Inducing a human-like shape bias leads to emergent human-level distortion robustness in CNNs

Robert Geirhos, Patricia Rubisch, Jonas Rauber, Carlos R Medina Temme, Claudio Michaelis, Wieland Brendel, Matthias Bethge, Felix A Wichmann

September, 2019

Abstract

Convolutional neural networks (CNNs) have been proposed as computational models for (rapid) human object recognition and the (feedforward-component) of the primate ventral stream. The usefulness of CNNs as such models obviously depends on the degree of similarity they share with human visual processing.

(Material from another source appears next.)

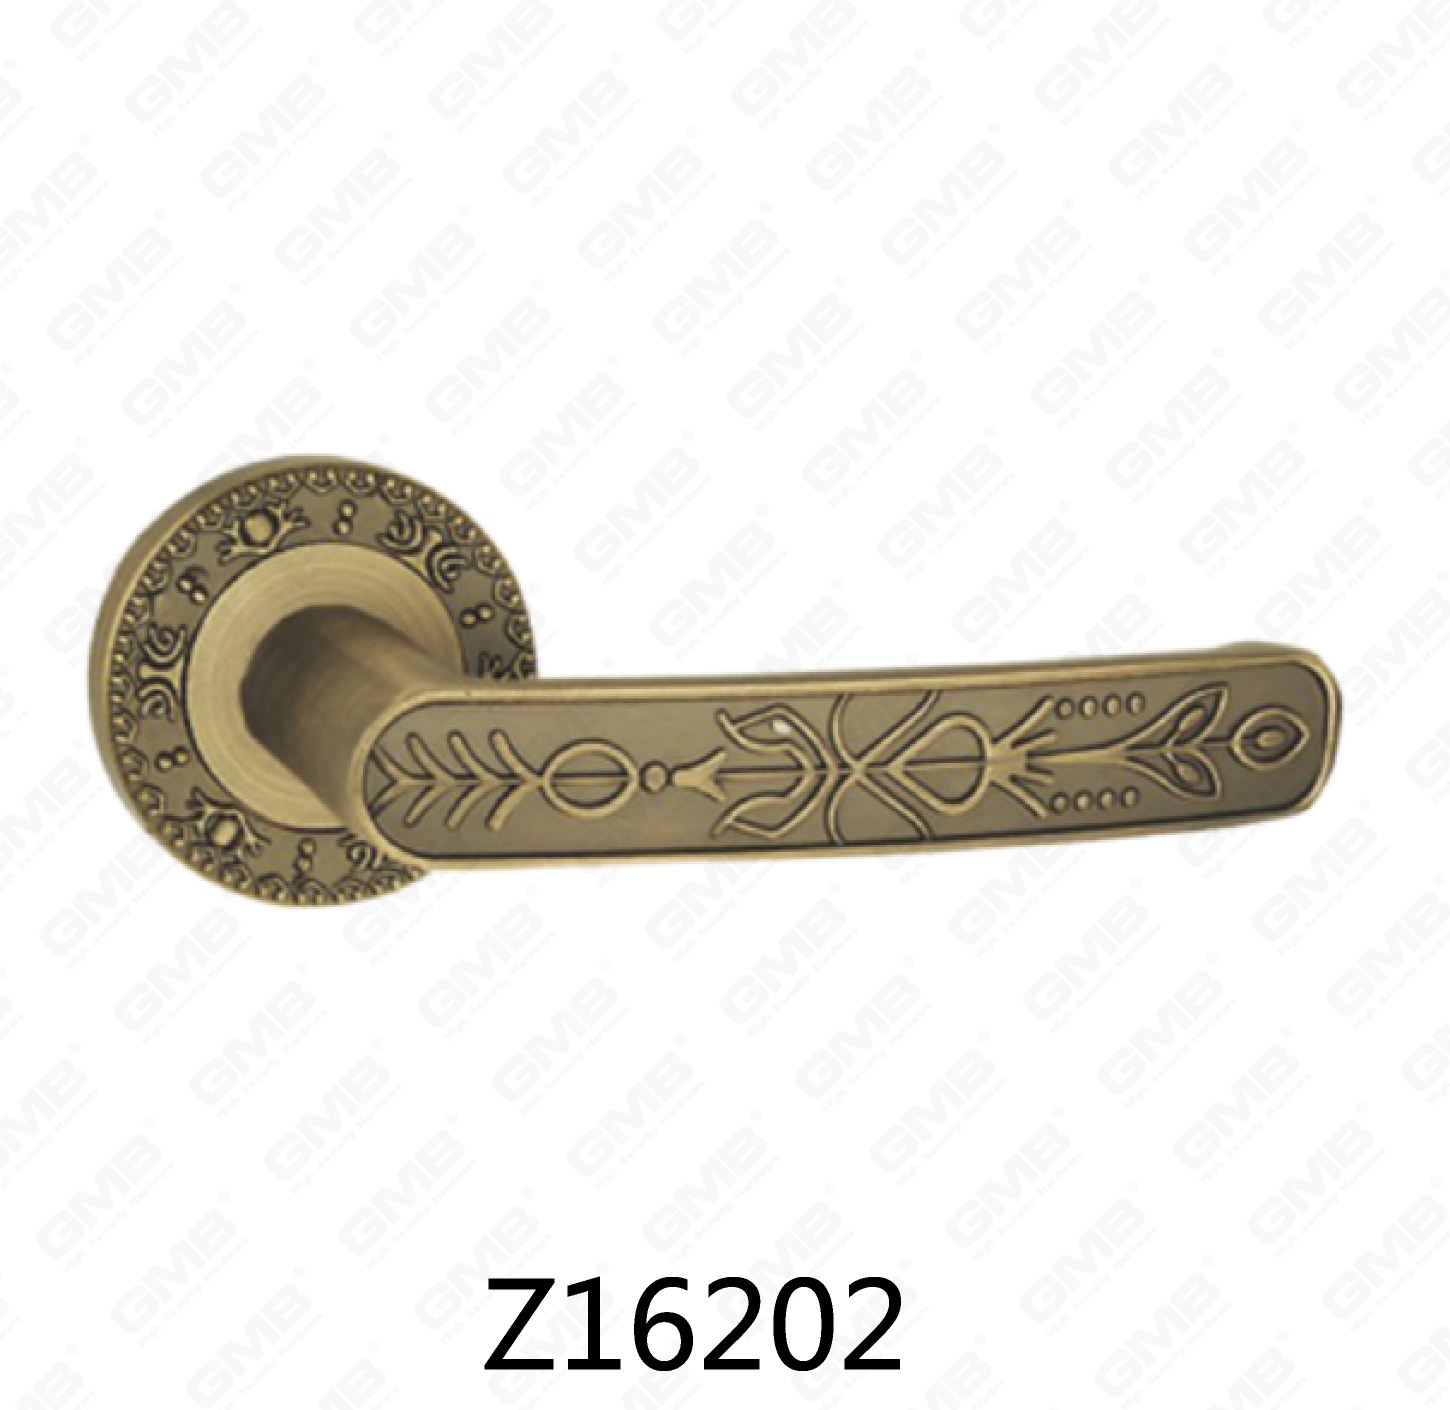 ידית דלת רוזטה מסגסוגת אבץ של Zamak עם רוזטה עגולה (Z16202)

Here we investigate two major differences between human vision and CNNs, first distortion robustness—CNNs fail to cope with novel, previously unseen distortions—and second texture bias—unlike humans, standard CNNs seem to primarily recognise objects by texture rather than shape. During our investigations we discovered an intriguing connection between the two: inducing a human-like shape bias in CNNs makes them inherently robust against many distortions. First we show that CNNs cope with novel distortions worse than humans even if many distortion-types are included in the training data …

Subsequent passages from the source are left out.